#### Aim of the task:
Would you repeat word for word the lines of the listing that follows, from the one with "A friendly headshot of Dr. Ashley Aisabor" up to and including the one with "1967 Chevrolet Nova", and leave out the images?

#### The data:
------------------------------------------------
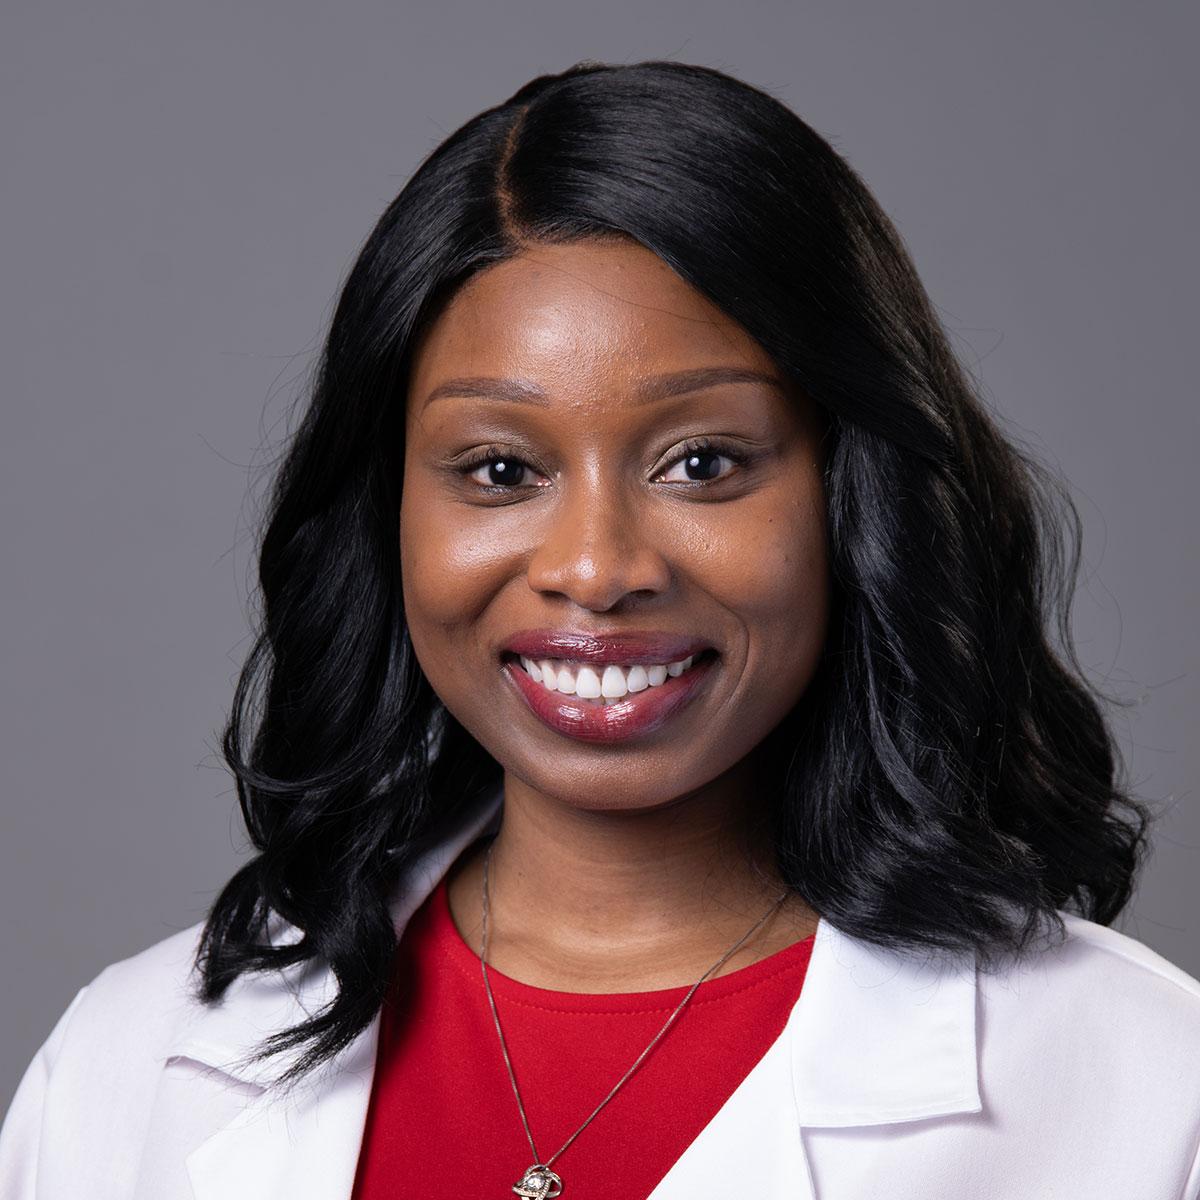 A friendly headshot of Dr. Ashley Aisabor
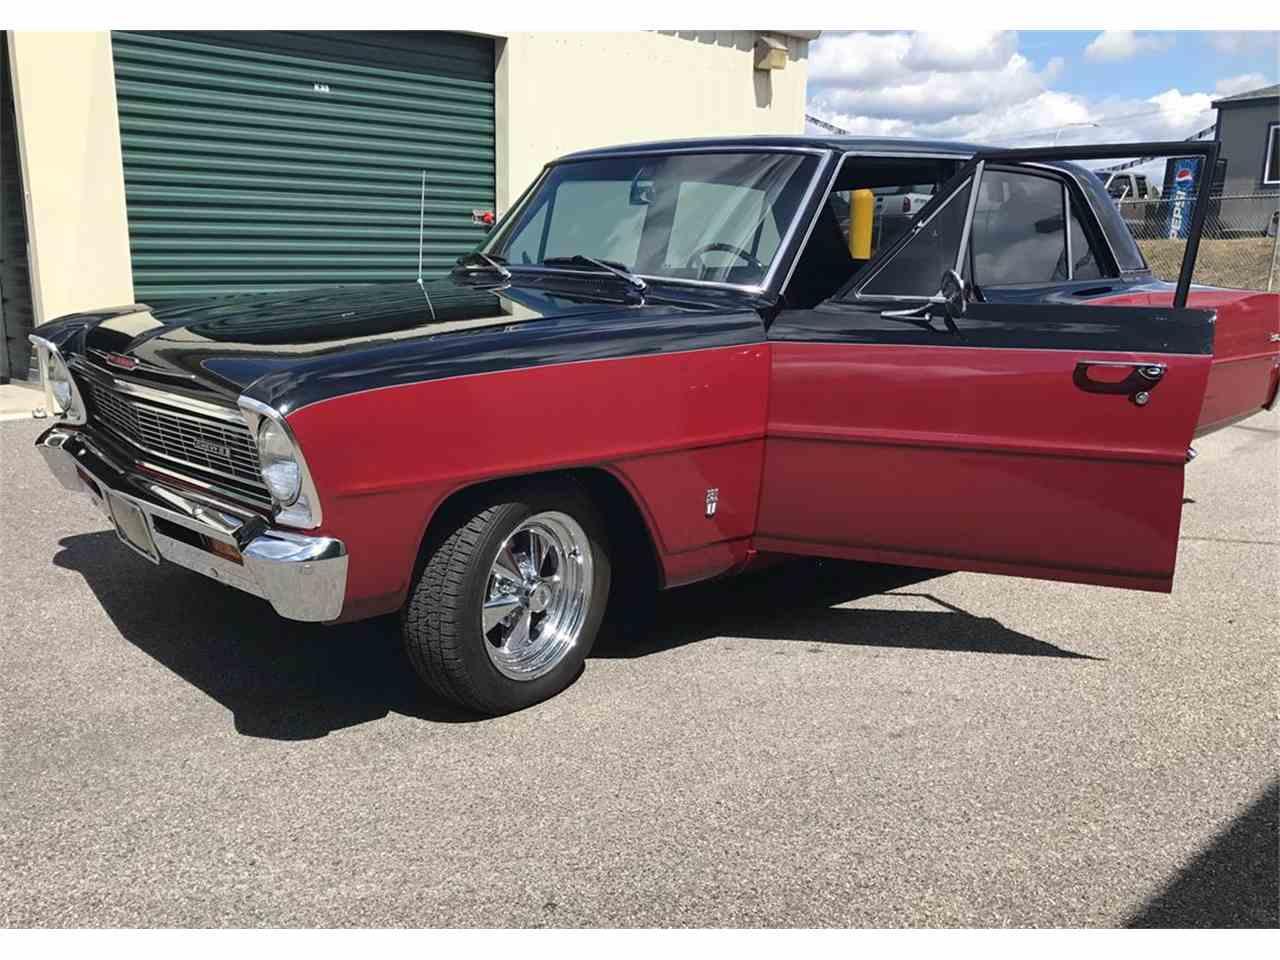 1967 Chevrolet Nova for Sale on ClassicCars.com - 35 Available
------------------------------------------------
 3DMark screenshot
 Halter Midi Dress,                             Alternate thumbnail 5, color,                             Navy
------------------------------------------------
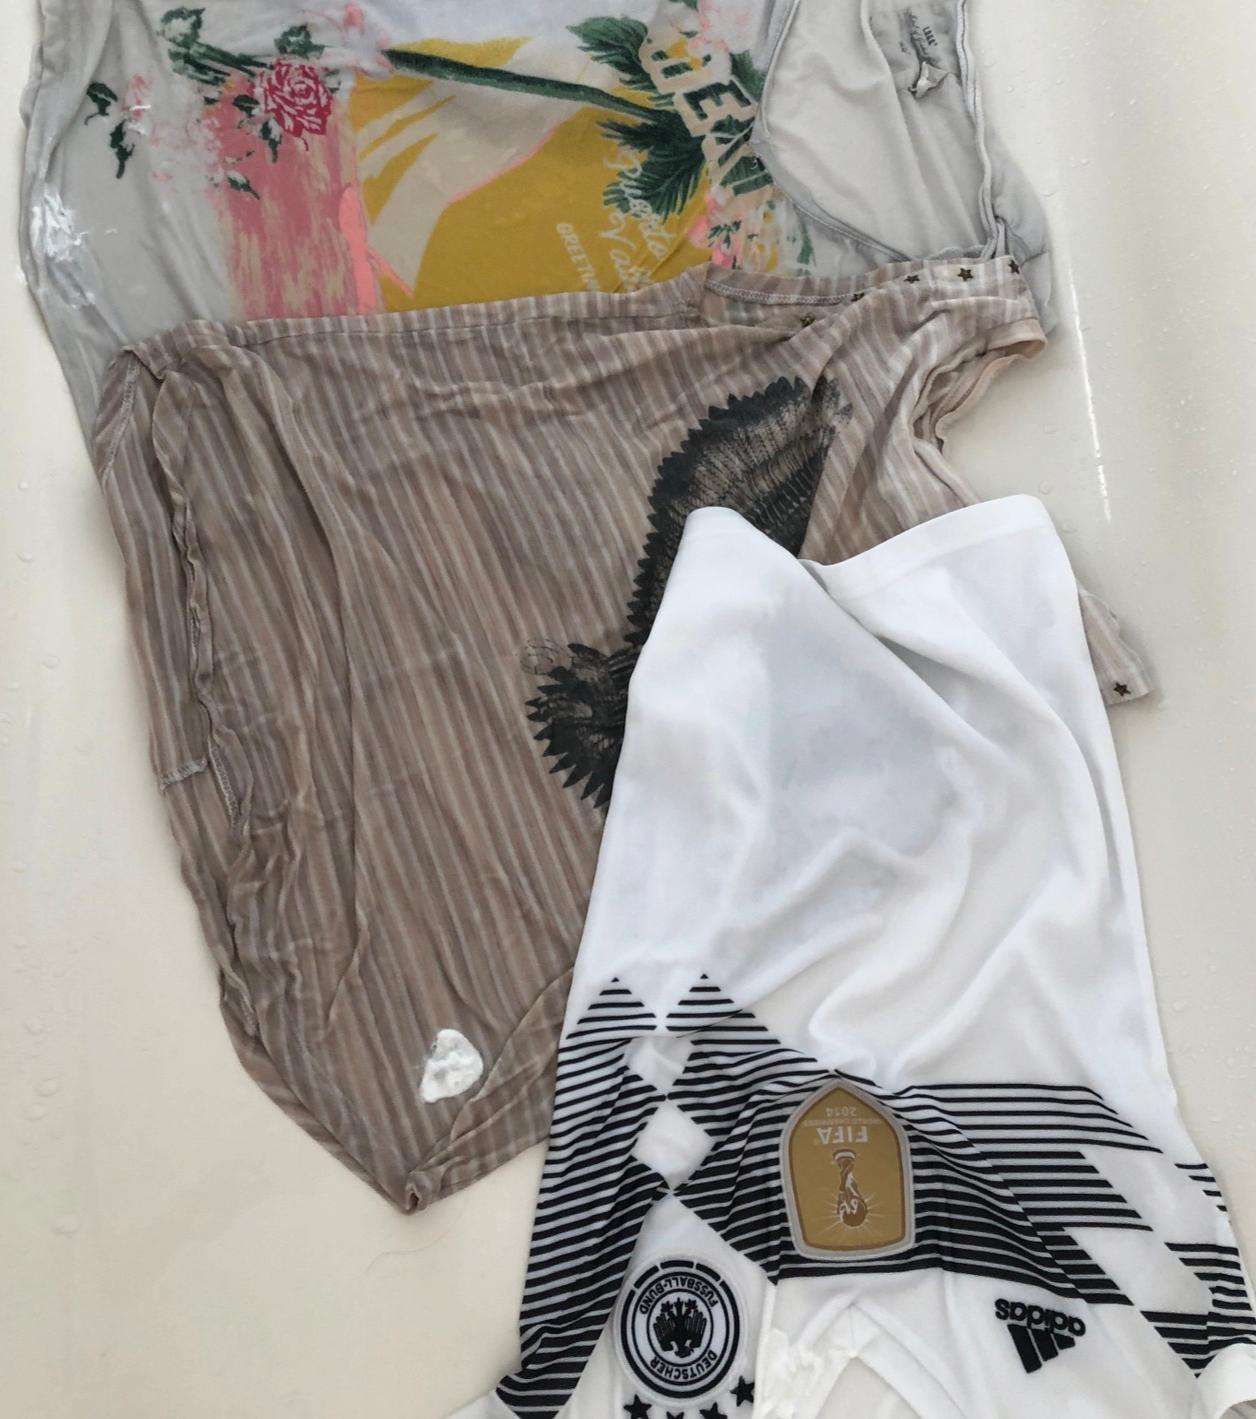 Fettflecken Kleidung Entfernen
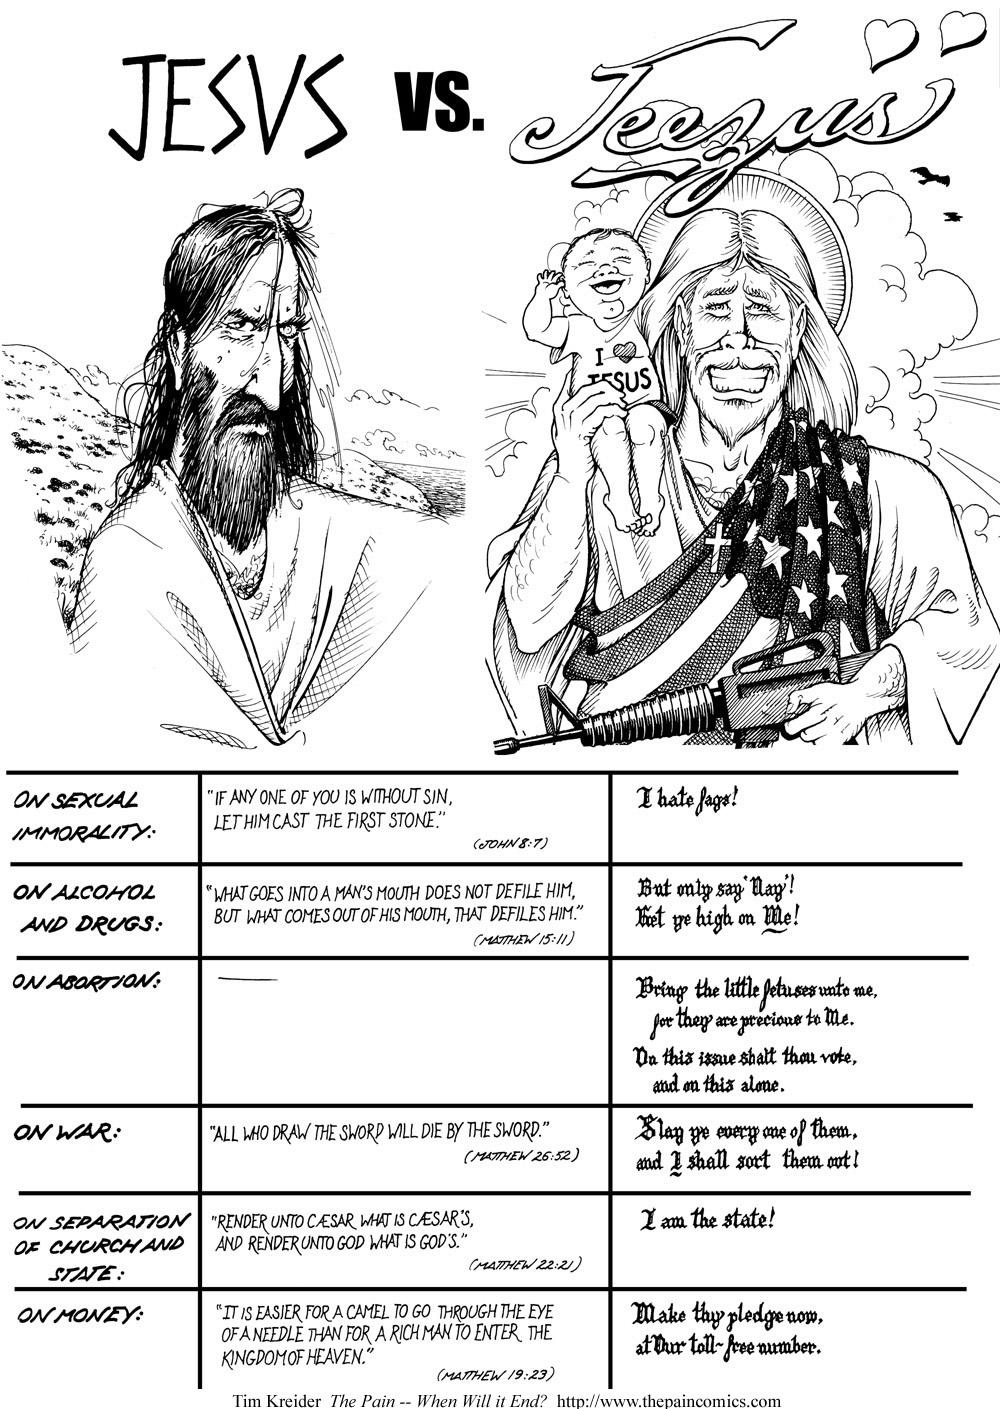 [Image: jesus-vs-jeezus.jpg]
------------------------------------------------
#### The completed task:
 A friendly headshot of Dr. Ashley Aisabor
 1967 Chevrolet Nova for Sale on ClassicCars.com - 35 Available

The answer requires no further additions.